Radiographs from the Final Shear Experiment A select five-image sequence of radiographs from the final set of NIF shear experiments. NIF fired 300 kilojoules of laser energy at each end of a shock-tube target comprised of two half-hohlraums (top image) to produce 100-meters-per-second shock waves from opposite ends of a foam-filled shock tube. These waves turned the foam into plasma as the shocks traveled through the foam and across a metal foil layer, creating a counter-propagating shear mixing instability which caused the layer to expand quickly after shock-crossing at 18 nanoseconds to the end of the experiment at 35 nanoseconds.

Forrest Doss, the LANL lead designer for the shear experiments, said the campaign succeeded in “underpinning the mix physics under these HED conditions,” which has led to the publication of about a dozen papers in scientific journals (see, for example, “Late-Time Mixing Sensitivity to Initial Broadband Surface Roughness in High-Energy-Density Shear Layers,” Physical Review Letters, November 2016; and “Observation and analysis of emergent coherent structures in a high-energy-density shock-driven planar mixing layer experiment,” Physical Review E, August 2016).

In addition, Doss said, “We’re learning more about initialization of the model. How to correctly condense information to BHR (the Besnard-Harlow-Rauenzahn turbulence model) is a big uncertainty in how to use it in complex targets like these, and the lessons learned should carry on to other complicated HED and ICF targets.

“The real issue is how to convey a surface defined in reality with its full spectral information down to its most important moments needed to characterize the mixing layer that develops,” Doss said.

The three-year shear campaign was made possible by NIF’s unique high energy and shot-to-shot reproducibility, but the final shot days earlier this year also relied heavily on the “extreme diligence, efficiency, and professionalism of three shifts of NIF crews,” said LANL scientist Kirk Flippo, the campaign’s lead experimental investigator.

The final, “extremely important,” shot of a four-shot series on the campaign’s last day “can only be described as HEROIC,” Flippo said in an E-mail to NIF’s senior managers. “Without this shot we may have needed to wait a year” to get the last bit of data the researchers needed to complete the campaign.

“We were able to execute four shear shots in a little over 24 hours,” Flippo said. “And now we have the final pieces of…data needed for our project. We leave with a full set of 16 absolutely beautiful data points.”

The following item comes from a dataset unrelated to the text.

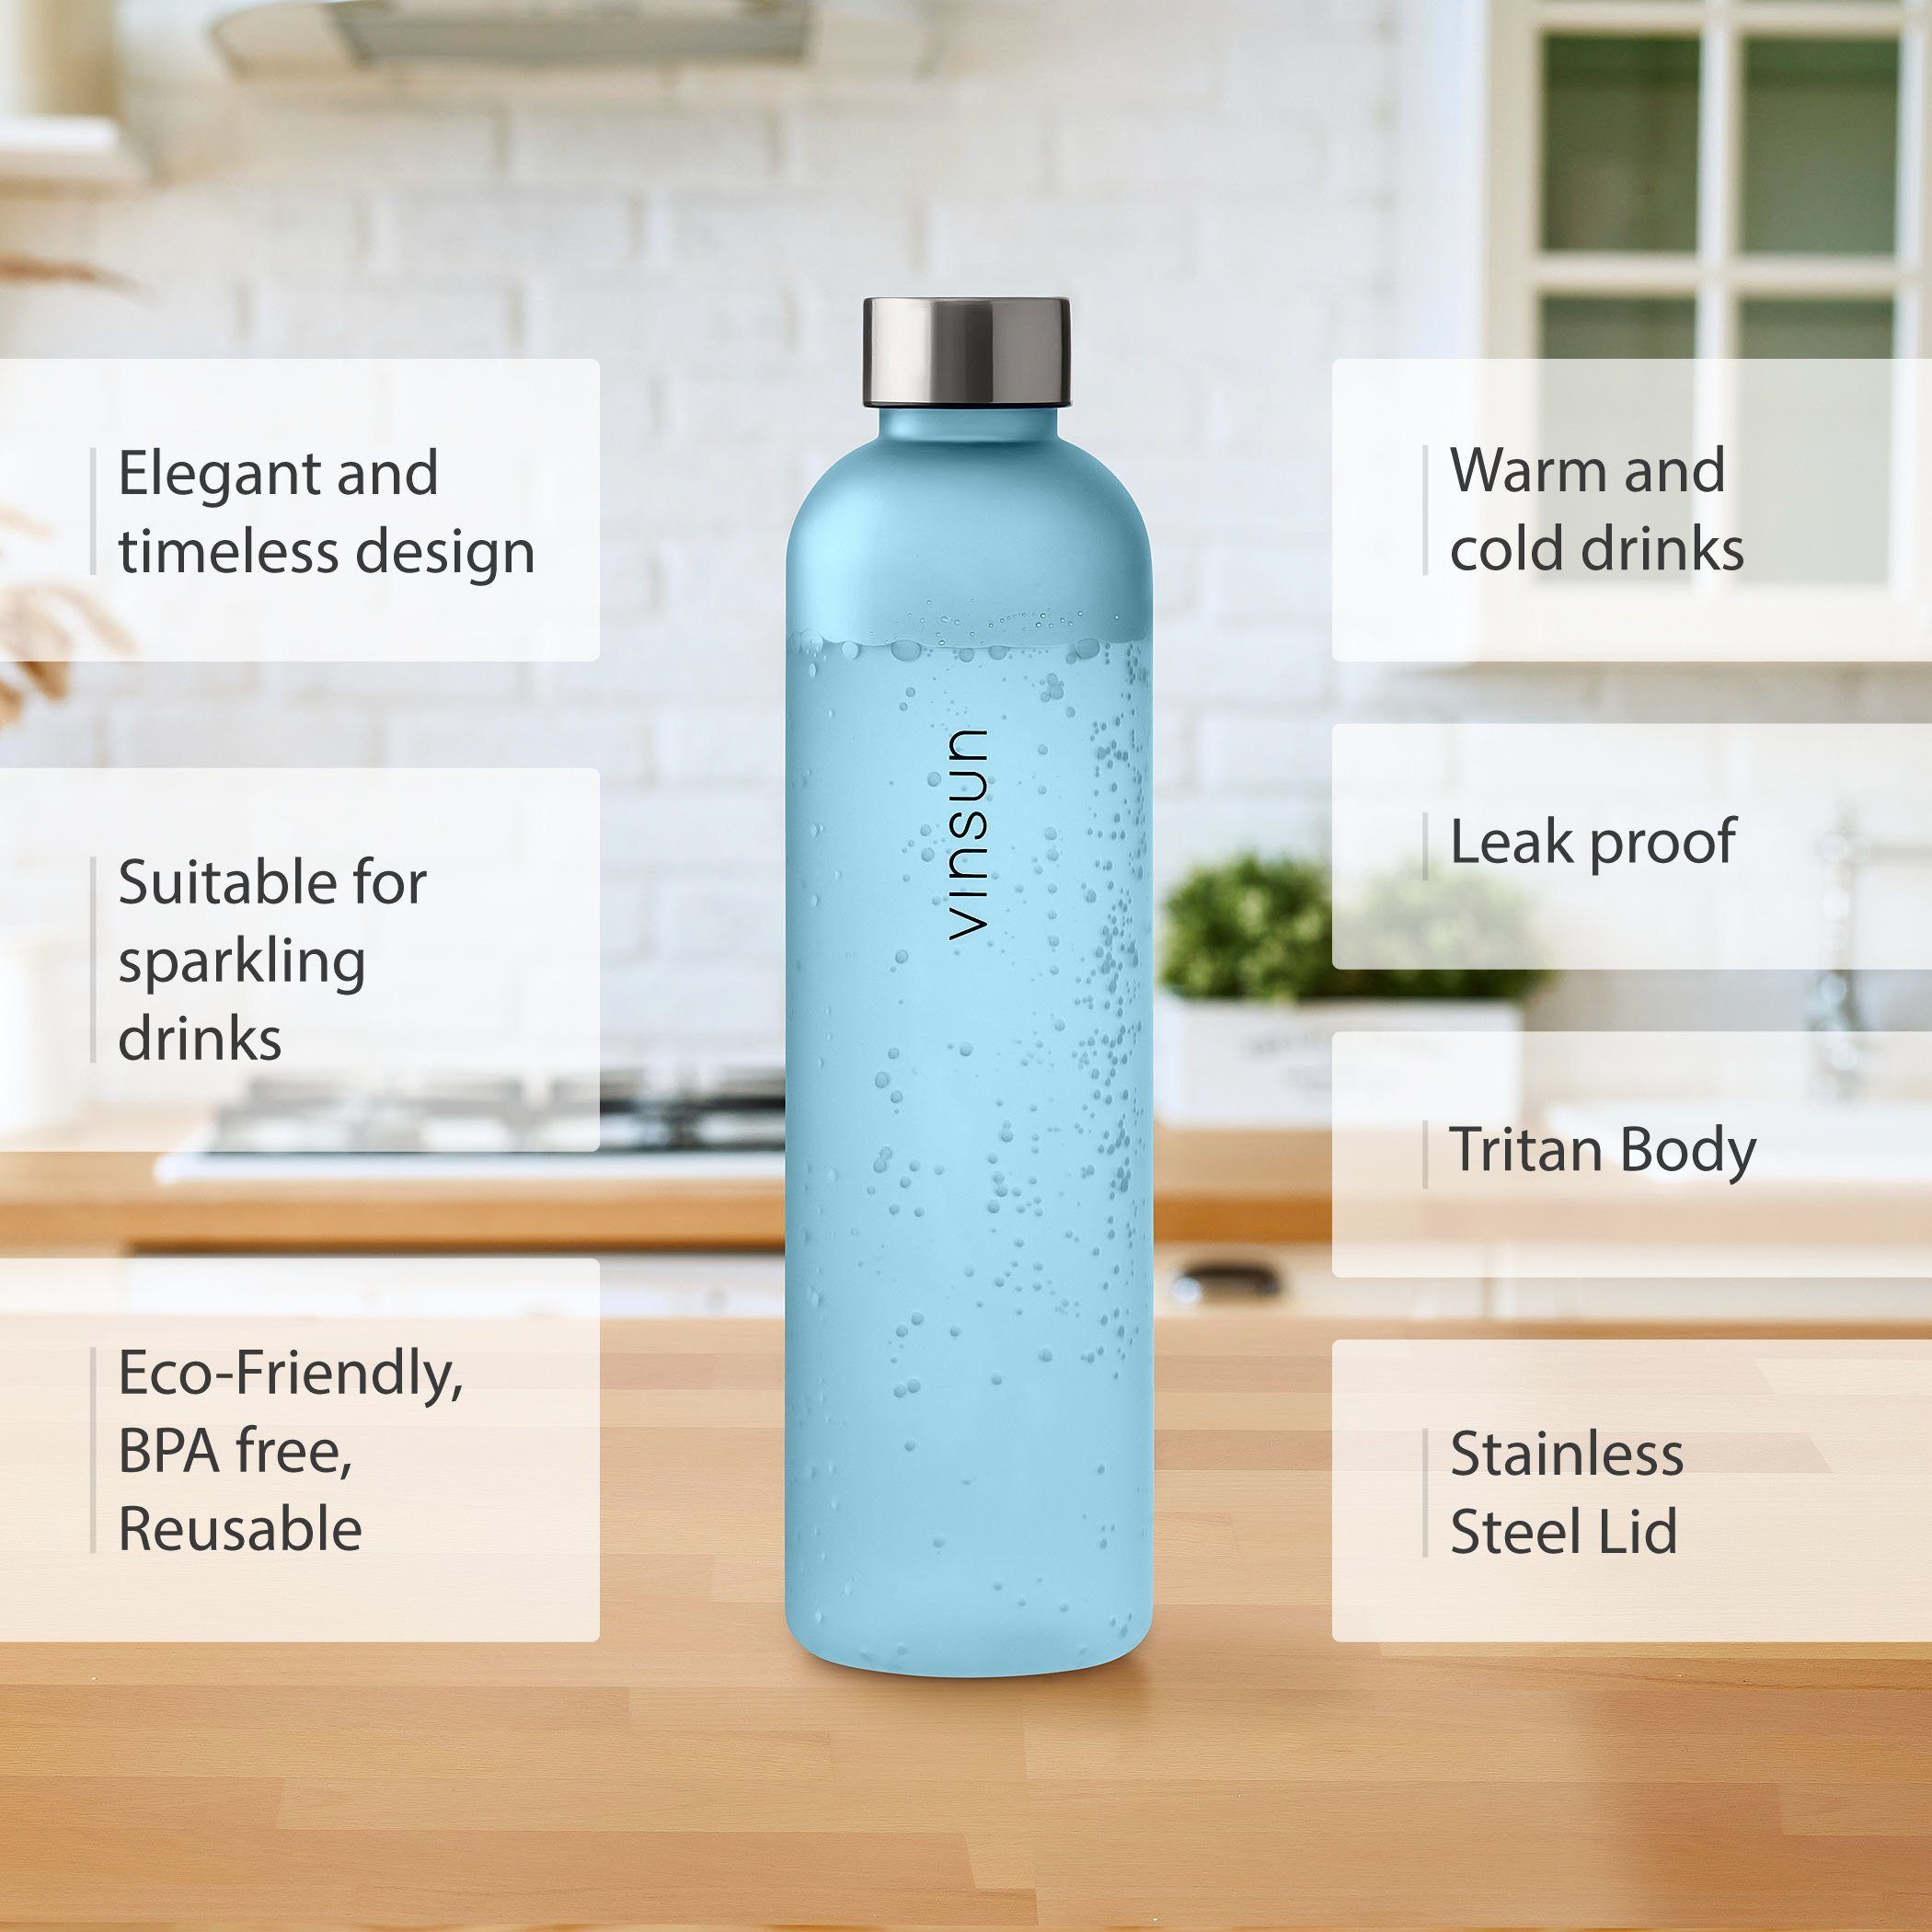 Vinsun Trinkflasche Trinkflasche 650ml, Kohlensäure und auslaufsicher, BPA Geschmacksneutral, Tritan, Geruchs- geeignet, frei, bruchsicher, auslaufsicher Blau

Flippo credited the NIF Team with helping the researchers turn the campaign into “a mad data-taking machine. We are extremely happy with how our data rate has evolved over time,” he said. “We are now able to take a full data set in four shots instead of 10 when we first started out on this journey. Our shot cycle has decreased from eight-plus hours down to 4.24 hours.” Redesign of the drive pulse shape to decrease laser glass damage was a large change to enable more shots, he added.

Flippo also noted that the quality of data improved over the course of the campaign thanks in part to a new diagnostic, the 260-picosecond gated x-ray detector, and the use of a beryllium tube.

“The Shear Team would like to thank all the dedicated members of the NIF,” he said, “and the many engineers and scientists, from facilities and diagnostics to target fab, (who) have helped us over the course of these three years, from PQ (performance qualification) in Q1 of FY (Fiscal Year) ’14 to this fantastically data-prolific last ‘day’ of Q2 FY ’17! Thank you for a very successful campaign.”

Along with Doss and Flippo, participants in the campaign included LANL’s John Kline, Ted Perry, Lynn Kot, Derek Schmidt, Deanna Capelli, Liz Merritt, Tom Murphy, Eric Loomis, Barbara Devolder, Tana Cardenas, F. Fierro, Blaine Randolph, and Gerry Rivera, and LLNL’s Channing Huntington, Sabrina Nagel, and Steve MacLaren. Participating with Flippo in designing and fielding the big-area backlighter (BABL) diagnostic, the main diagnostic for the shear platform, were Kevin Fournier, Dan Kalantar, Maria Barrios, and Maxine Emerich of LLNL along with Ian Tregillis, Leslie Welser-Sherrill, and Jim Fincke from LANL and Sean Regan from the Laboratory for Laser Energetics at the University of Rochester.